Can I Run Two Refrigerators on the Same Circuit

Combination Circuits

Previously in Lesson iv, it was mentioned that in that location are ii dissimilar ways to connect 2 or more electrical devices together in a circuit. They can be connected by ways of series connections or by means of parallel connections. When all the devices in a circuit are continued past serial connections, then the circuit is referred to as a series circuit. When all the devices in a circuit are connected by parallel connections, then the circuit is referred to as a parallel circuit. A 3rd blazon of circuit involves the dual use of series and parallel connections in a circuit; such circuits are referred to every bit compound circuits or combination circuits. The circuit depicted at the right is an example of the utilise of both series and parallel connections within the same excursion. In this example, light bulbs A and B are connected by parallel connections and light bulbs C and D are connected by serial connections. This is an example of a combination circuit .
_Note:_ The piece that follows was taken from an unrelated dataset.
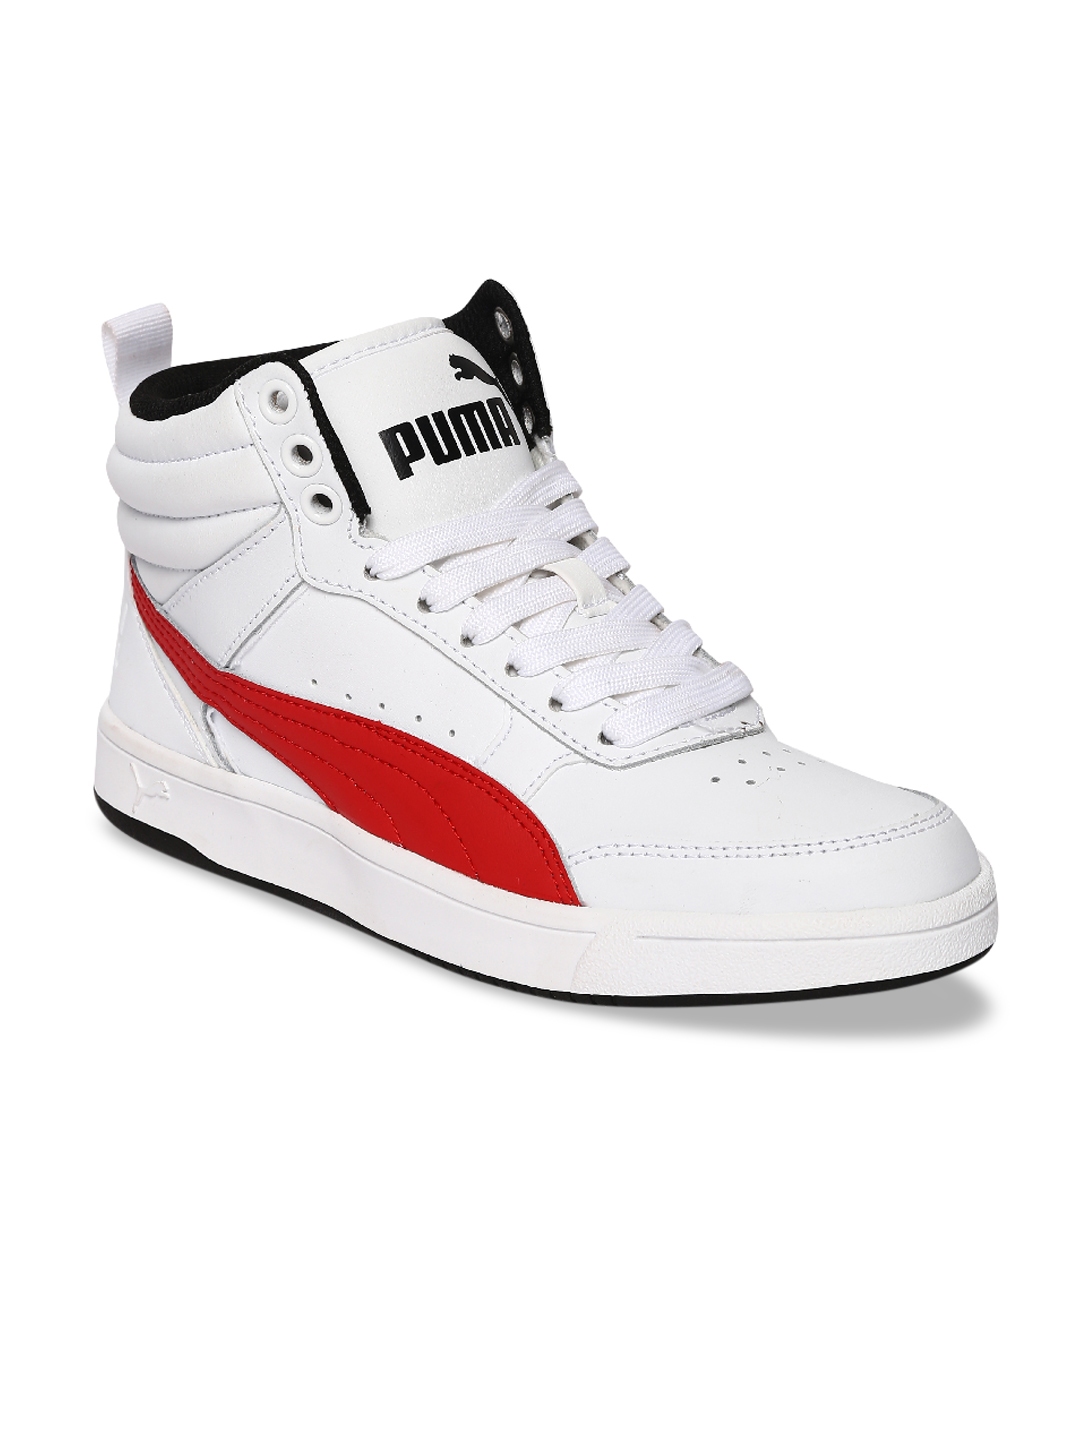 Buy Puma Boys White Colourblocked Leather Mid Top Sneakers - Casual ...

When analyzing combination circuits, it is critically important to take a solid understanding of the concepts that pertain to both series circuits and parallel circuits. Since both types of connections are used in combination circuits, the concepts associated with both types of circuits employ to the respective parts of the circuit. The main concepts associated with series and parallel circuits are organized in the table below.

Series Circuits The current is the aforementioned in every resistor; this current is equal to that in the battery. The sum of the voltage drops across the individual resistors is equal to the voltage rating of the battery. The overall resistance of the collection of resistors is equal to the sum of the individual resistance values, Rtot = Rane + Rii + R3 + ...

Parallel Circuits The voltage drop is the same across each parallel branch. The sum of the current in each individual branch is equal to the current outside the branches. The equivalent or overall resistance of the drove of resistors is given past the equation i/Req = 1/Ri + 1/R2 + 1/R3 ...

Each of the above concepts has a mathematical expression. Combining the mathematical expressions of the above concepts with the Ohm's police equation (ΔV = I • R) allows one to carry a complete analysis of a combination excursion.

Assay of Combination Circuits

The bones strategy for the analysis of combination circuits involves using the meaning of equivalent resistance for parallel branches to transform the combination circuit into a series circuit. Once transformed into a serial circuit, the assay can exist conducted in the usual manner. Previously in Lesson 4, the method for determining the equivalent resistance of parallel are equal, then the total or equivalent resistance of those branches is equal to the resistance of one branch divided by the number of branches.

This method is consequent with the formula

ane / R_eq = 1 / R_ane + 1 / R₂ + 1 / R_iii + ...

where R₁, R₂, and R₃ are the resistance values of the private resistors that are connected in parallel. If the two or more than resistors found in the parallel branches do not have equal resistance, and then the above formula must be used. An instance of this method was presented in a previous section of Lesson 4.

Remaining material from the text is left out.